I tested this using this primitive XML document:
<?xml version="1.0"?> <myns:root xmlns:myns="http://www.my.ns/#"> <myns:element/> </myns:root>
If, for example, I canonicalize a manually created NodeSet and NodeList generated by the XPath expression originally mentioned and compare two bytes for a byte, then the result will be equal and seems to work fine.
But , if I repeat two NodeList and print out debugging information ( typeString just generates a string representation)

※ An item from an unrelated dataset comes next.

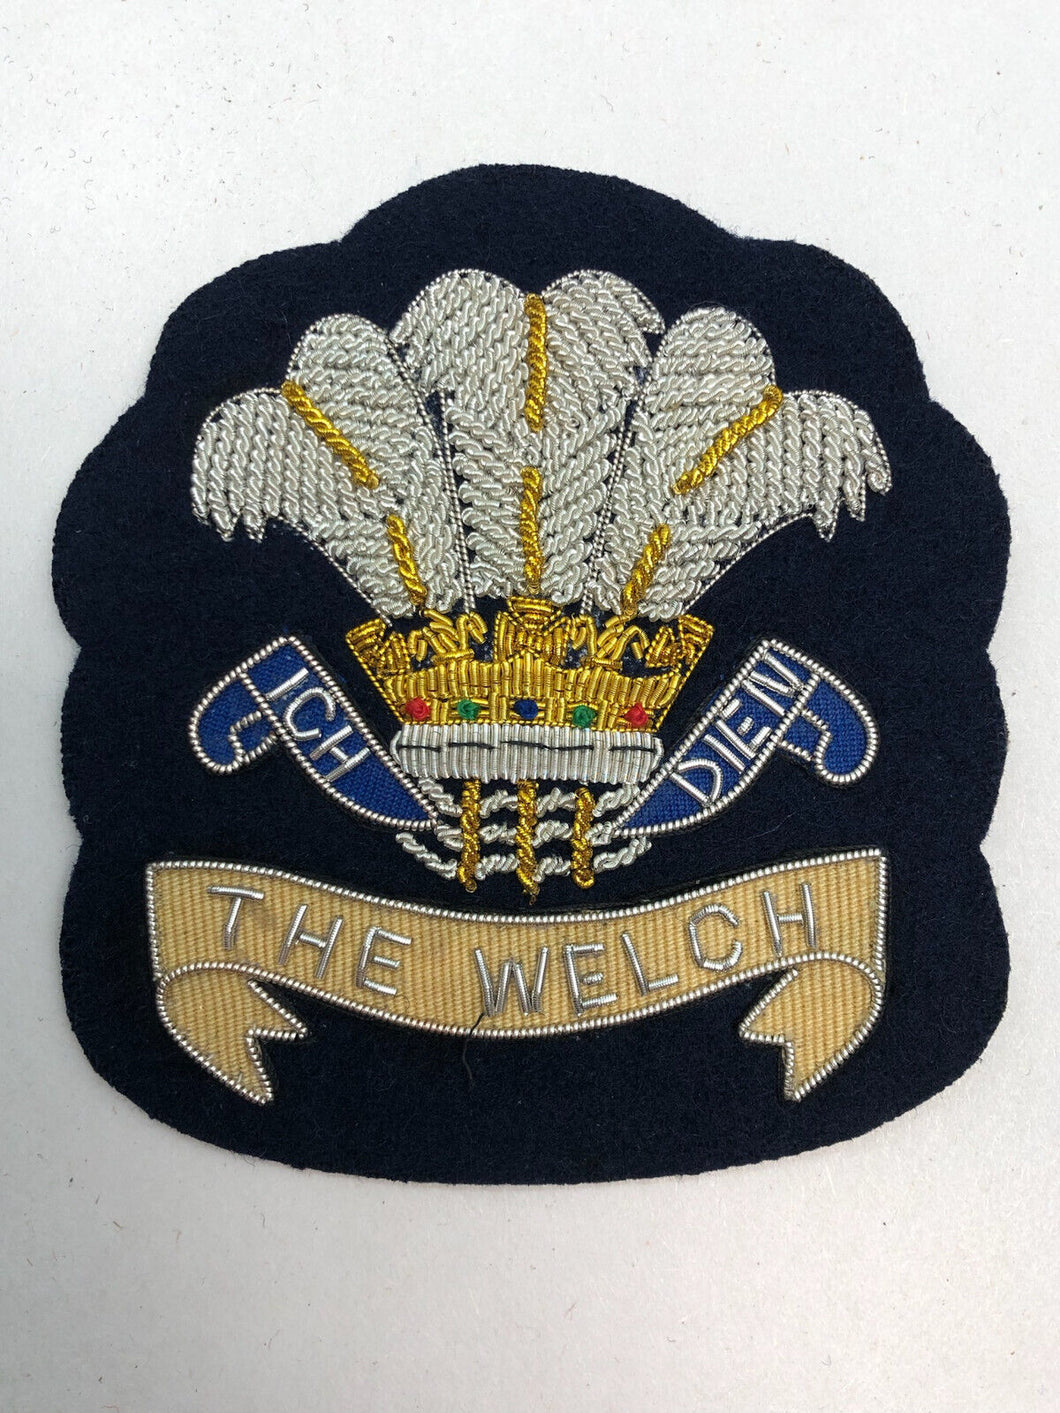 British Army Bullion Embroidered Blazer Badge - The Welch Regiment

for (int i=0; i < nodes.getLength(); i++) { Node child = nodes.item(i); System.out.println("Type: " + typeString(child.getNodeType()) + " Name:" + child.getNodeName() + " Local name: " + child.getLocalName() + " NS: " + child.getNamespaceURI()); }
then I get this output for the generated XPath NodeList :
Type: DocumentNode Name:#document Local name: null NS: null Type: Element Name:myns:root Local name: root NS: http:
and this is for a manually created NodeList :
Type: DocumentNode Name:#document Local name: null NS: null Type: Element Name:myns:root Local name: root NS: http:
So, as you can see, in the first example, the NodeList additionally contains a Node for the XML namespace:
Type: Attribute Name:xmlns:xml Local name: xml NS: http://www.w3.org/2000/xmlns/
Now my questions are:
a) If I interpret xml-names11 correctly , I do not need an xmlns: xml declaration:
The xml prefix is by definition associated with the namespace name http://www.w3.org/XML/1998/namespace . It MAY, but not be, be declared and MUST NOT be undeclared or bound to any other namespace name. Other prefixes MUST NOT be bound to this namespace name and MUST NOT be declared as the default namespace.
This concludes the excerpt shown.